Cu in a range from 0.5 weight % to 5.0 weight %;

C in a range from 0.03 weight % to 0.10 weight %;

Mn in a range from 0.20 weight % to 5.0 weight %;

Ni in a range from 0.0 weight % to 6.0 weight %;

Al in a range from 0.0 weight % to 4.0 weight %;

Nb in a range from 0.0 weight % to 0.10 weight %;

Si in a range from 0.0 weight % to 2.0 weight %;

Mo in a range from 0.0 weight % to 2.0 weight %;

Ti in a range from 0.0 weight % to 2.0 weight %;

V in a range from 0.0 weight % to 2.0 weight %;

Cr in a range from 0.0 weight % to 8.0 weight %; and

a balance of Fe.

2. The method of claim 1, wherein the copper iron alloy does not comprise S, P, Co, Sn, and N.

3. The method of claim 1, wherein the copper iron alloy comprises Fe, Cu, C, Mn, and one or more of Ni, Al, Nb, Si, Mo, Ti, V, and Cr.

4. The method of claim 1, wherein the copper iron alloy comprises Fe, Cu, C, Mn, Ni, and optionally, Cr.

5. The method of claim 1, wherein the copper iron alloy comprises Fe, Cu, C, Mn, Ni, Al and, optionally, Cr.

6. The method of claim 1, wherein the copper iron alloy comprises Fe, Cu, C, Mn, Ni, Nb, Si, and optionally, Cr.

7. The method of claim 1, wherein the copper alloy steel comprises Fe, Cu, C, Mn, Ni, Al, Nb, Si, and optionally, Cr.

8. The method of claim 1, wherein the copper alloy steel comprises Fe, Cu, C, Mn, Ni, Nb, Si, Ti, and optionally, Cr.

9. The method of claim 1, wherein the copper alloy steel is characterized by an average center-to-center spacing λ between neighboring copper nanoprecipitates in a range of from 5 nm to 200 nm.

10. The method of claim 1, wherein the copper nanoprecipitates are bcc copper nanoprecipitates.

11. The method of claim 1, wherein the iron matrix is ferritic, martensitic, or partially martensitic.

12. The method of claim 1, wherein the antimicrobial surface is textured.

13. The method of claim 1, wherein the contacting is carried out in an environment in which microbes are present, or are suspected of being present, in quantities that are more likely than not to result in an infection of a mammalian subject due to the microbes.

14. The method of claim 1, wherein the contacting is carried out in an indoor environment.

15. The method of claim 1, wherein the antimicrobial surface is part of an article configured for regular contact with a human body part.

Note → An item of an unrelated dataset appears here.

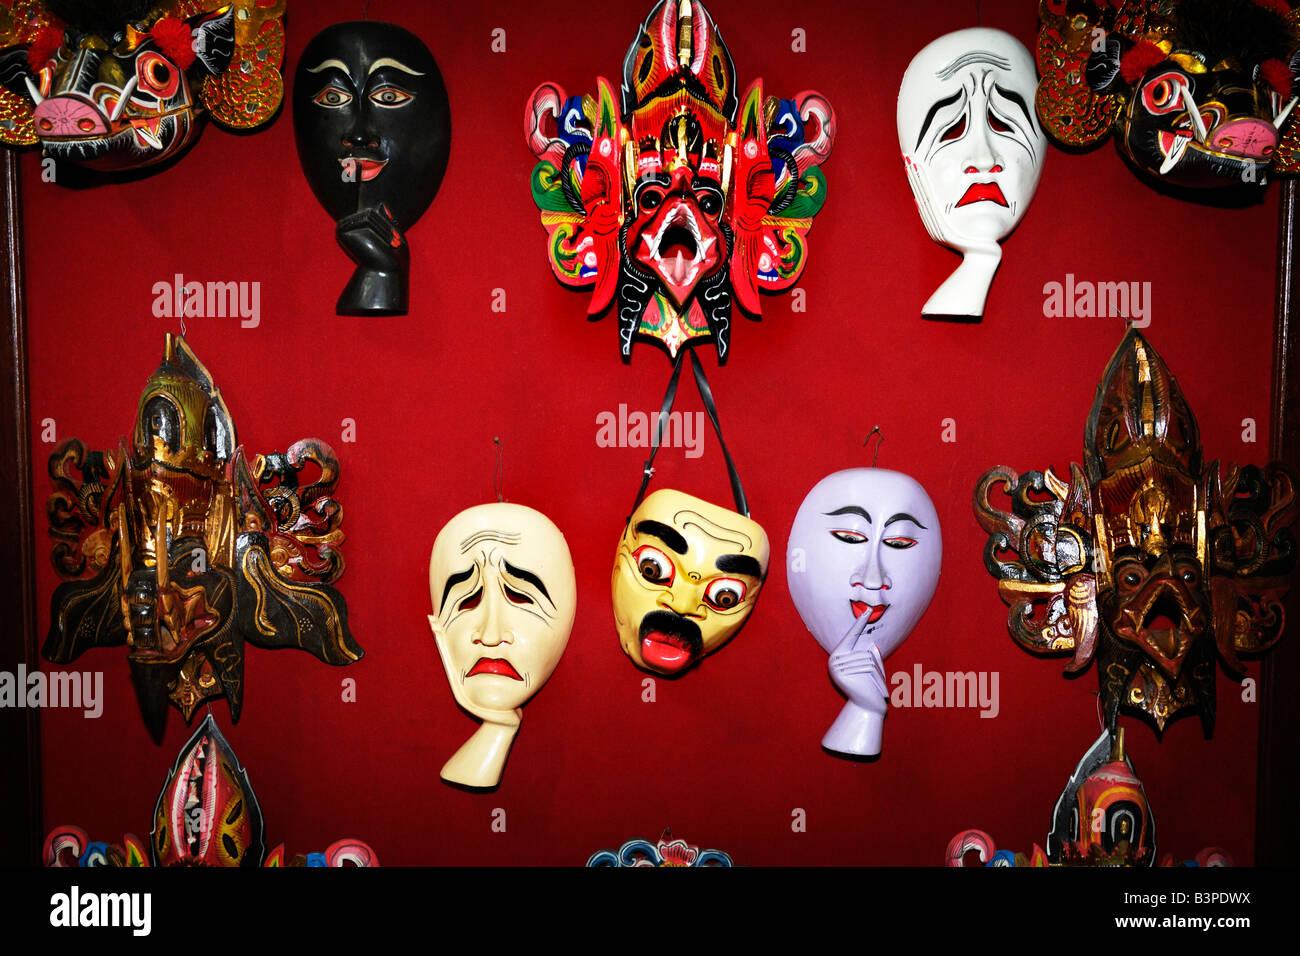 Balinese masks, Bali, Indonesia - Stock Image

16. The method of claim 15, wherein the human body part is a hand.

17. The method of claim 1, wherein the microbe is a virus.

18. The method of claim 17, wherein the virus is SARS-CoV-2.

19. An antimicrobial surface comprising a copper-alloy steel comprising an iron matrix and copper nanoprecipitates distributed throughout the iron matrix, wherein the copper-alloy steel comprises:

Cu in a range from 0.5 weight % to 5.0 weight %;

C in a range from 0.03 weight % to 0.10 weight %;

Mn in a range from 0.20 weight % to 5.0 weight %;

Ni in a range from 0.0 weight % to 6.0 weight %;

Al in a range from 0.0 weight % to 4.0 weight %;

Nb in a range from 0.0 weight % to 0.10 weight %;

Si in a range from 0.0 weight % to 2.0 weight %;

Mo in a range from 0.0 weight % to 2.0 weight %;

Ti in a range from 0.0 weight % to 2.0 weight %;

V in a range from 0.0 weight % to 2.0 weight %;

Cr in a range from 0.0 weight % to 8.0 weight %; and

a balance of Fe.

20. The antimicrobial surface of claim 19, wherein the antimicrobial surface is part of an article configured for regular contact with a human body part.